| JuliusHackebeil said: You got an interesting perspective. Two things come to mind: 1) How interactivity does or does not provide artistic merit is difficult to gauge, because artistic merit is difficult to gauge. One could argue that the combat in the greek GoW games is mostly the same and has nothing much to do with the story. Or it is a way to let the player experience first hand how Kratos cannot escape the neverending violence, perpetuating the cycle himself. You could argue that the gameplay in The Witcher 3 does not change much between hour 1 and hour 40. But you could also argue that it is not about gameplay variablility, but about the decisions if and where the player directs Geralts violence towards. This decision shapes many quests and their stories. There is also this concept of emergent storytelling: "I jumped off a ledge and bonked a npc on the head" - that is hardly a compelling story... -when you tell it. But when you experience it first hand, doing it yourself via approximation through button presses, it becomes a very gripping, thrilling story to play through. In this sense interactivity provides an almost endless pool of compelling stories with artistic merit. They just don't translate well to writing (story telling in books). 2) Interactivity, and the storytelling merits coming from it, are not confined to only hitting enemies. It is also walking through an area, or panning the camera. It is even not to interact while you had the potential to, like not shooting an enemy, or choosing a non lethal approach in stealth games. Apart from standard mechanics for the whole game, games often have special moments of interactivity that might carry special artistic merit. God of War 1 comes to mind, when Kratos has to hug his family to transfer HP to them and protect them. Or in Brothers, when you have to use the controls from one brother to suddenly direct the other, overcoming his fears. Holding Yordas hand in ICO is even a mechanic throughout the whole game. I think there are many more examples like these. |
Fighting and exploration is much more impactful on me from fantasy and sci-fi books, like Brandon Sorenson, Tad Williams and Peter F Hamilton can describe them. Games never come close to that. Books can literally make my heart pound while reading, can make me feel fear especially while describing claustrophobic sections (which have no impact on me in movies nor VR) and make me tear up or laugh out loud.
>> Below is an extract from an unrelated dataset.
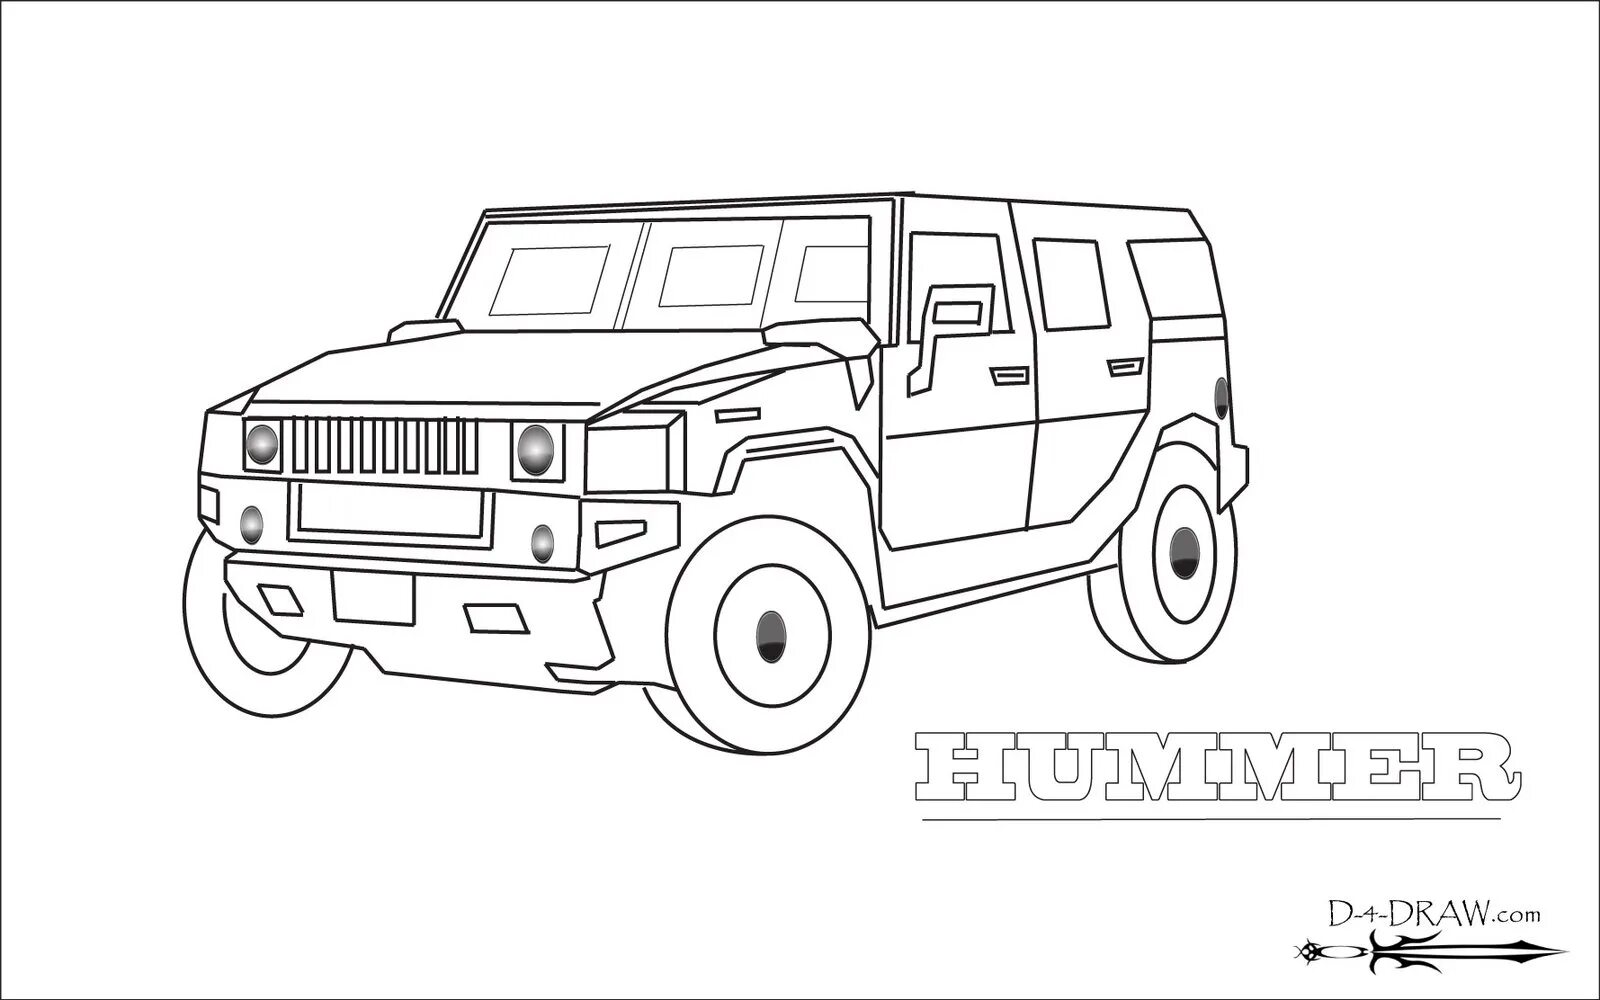 Bright limousine coloring pages for kids
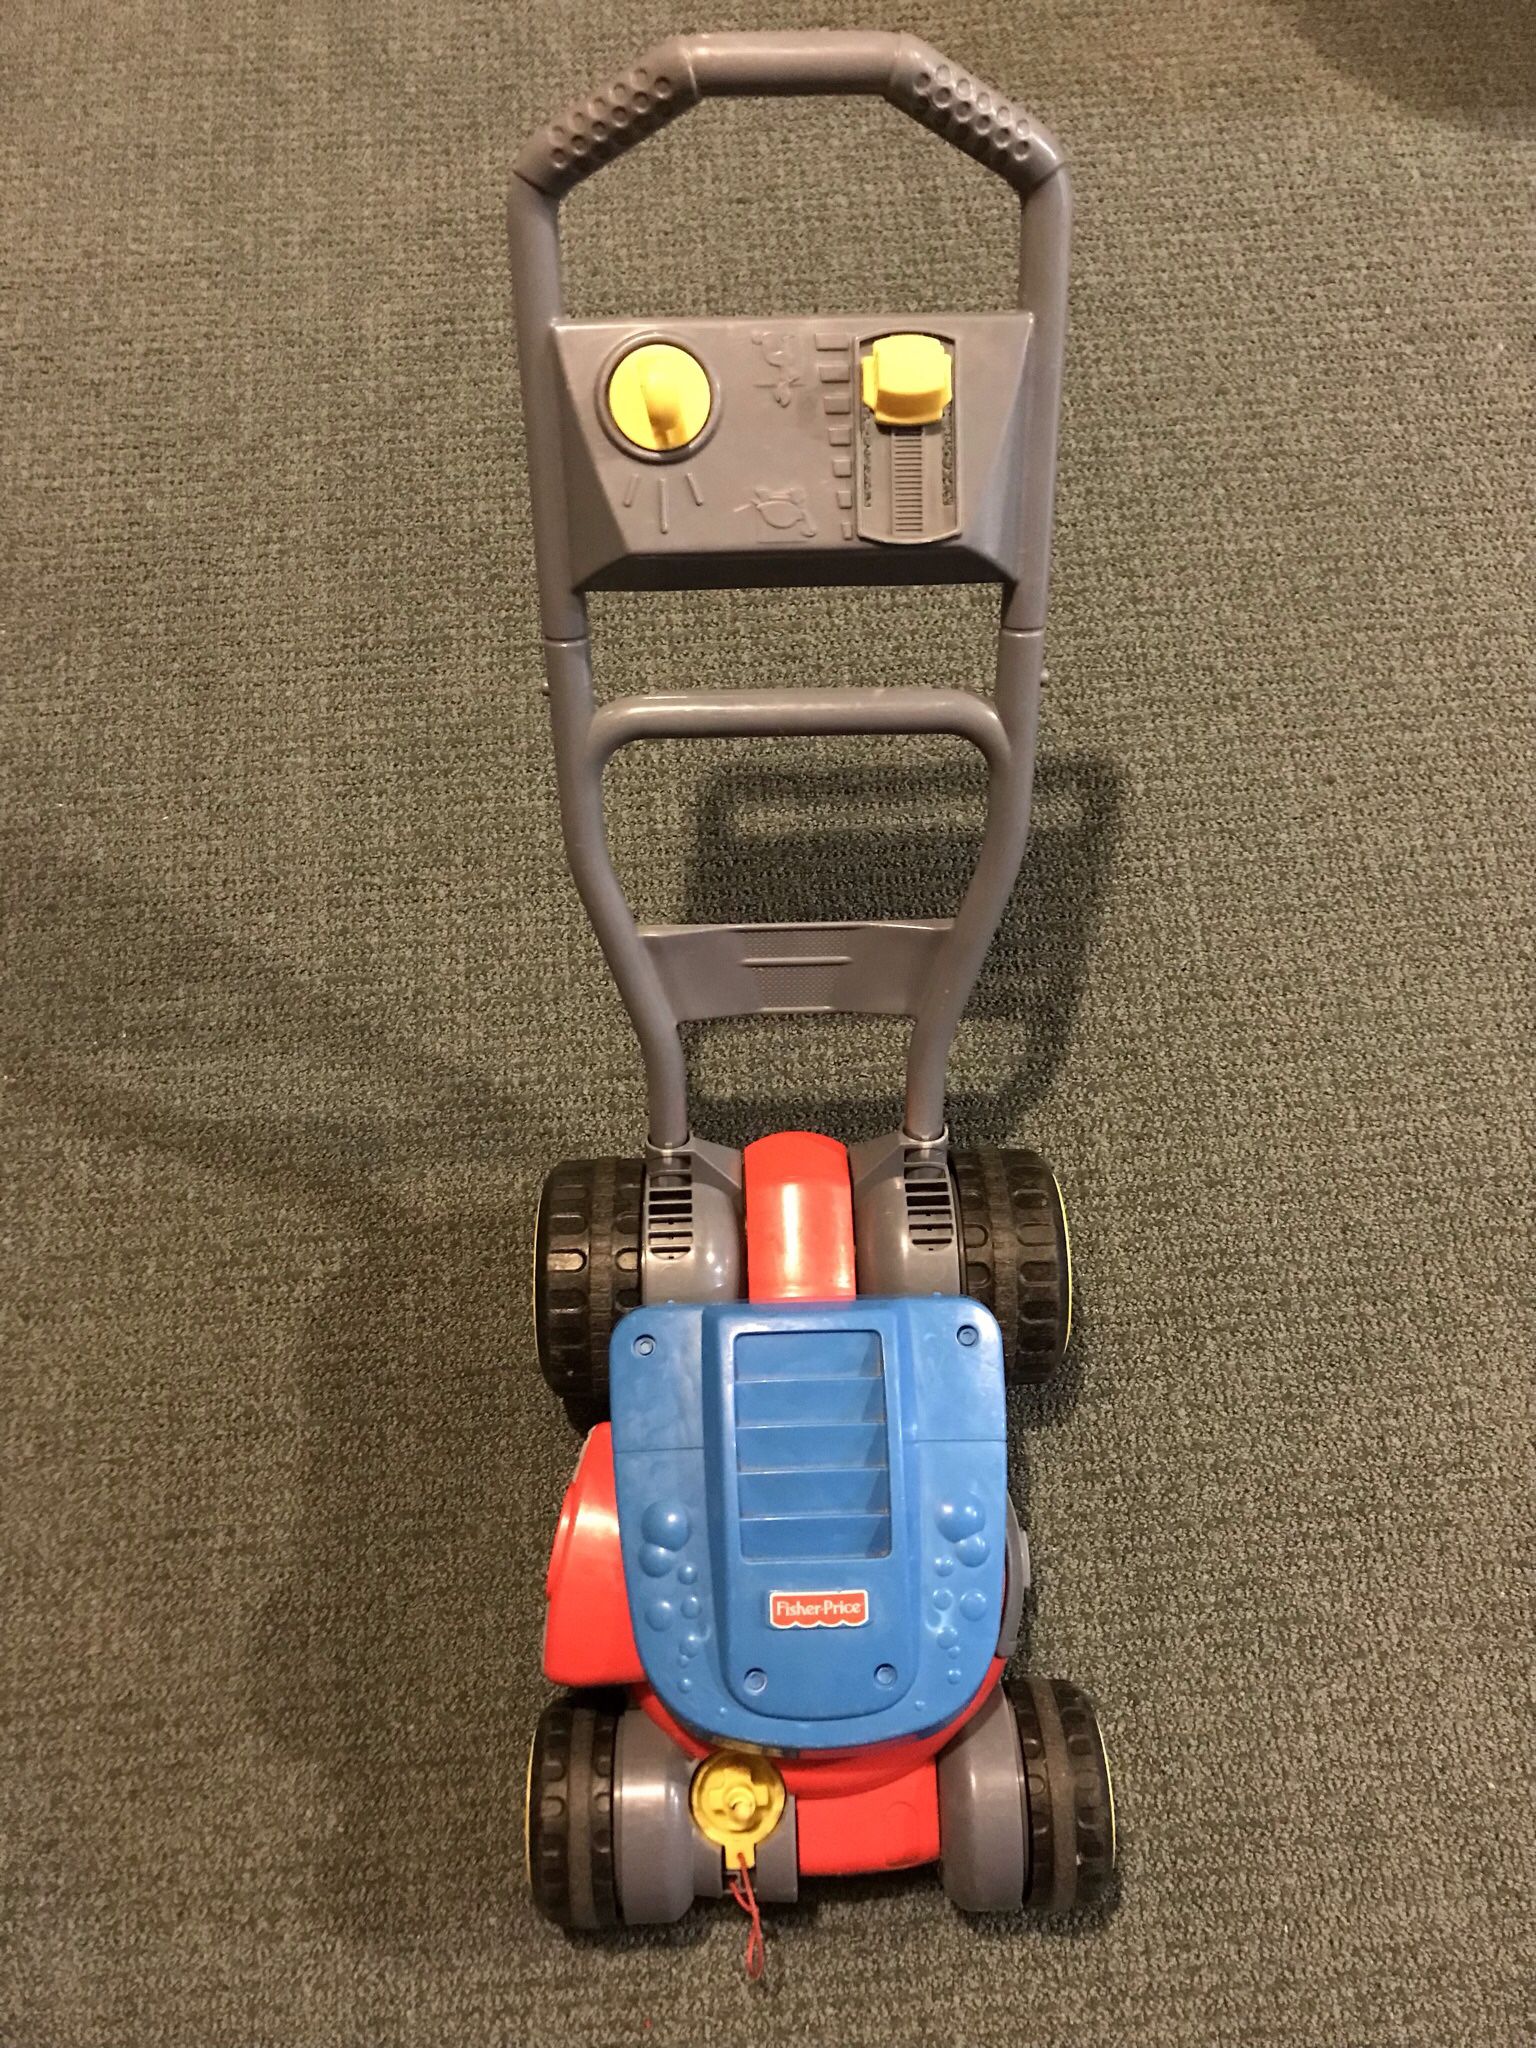 Fisher Price Bubble Mower

Emergent story telling is great but the undirected nature gives it little flow nor purpose. At most I feel like a cartographer in games, mapping out the play area (in my head or opening up the in game map). Over the decades I've become less and less interested in the actual combat, and my emergent 'stories' are now mostly about exploration of the world. My TotK / BotW memories are all about world exploration. Same for Dark Souls, the world in the art piece that sticks with me. The combat, I just remember Ornstein and Smough being a pita due to player invasions. Meanwhile futuristic battles describe by Peter F Hamilton, amazing what he can conjure up in your mind.
So yes interactivity to me is mostly exploring the game worlds, like exploring a museum / park / nature area.
The extra mechanics are cool but despite having played GoW1, I don't remember that at all, made no impact. I do remember Brother's mechanic but it didn't feel emotional at the time. It was as simple as press X to jump in my mind. The story made the impact, the 'mechanic' just felt like a clever trick like changing controller ports in MGS. In IcO it wasn't the hand holding mechanic that made me care for Yorda, it was the repetitive threat and having to run back to defend her over and over.
So no, these interactions are not displaying any artistic merrit to me. Controls are still a filter limiting how we can interact with the virtual worlds. The only game I felt where the controls had artistic merrit is Pixeljunk 3AM, where you use the move controllers to create music with different effects. Basically turning the move controllers into electronic instruments. Music is powerful!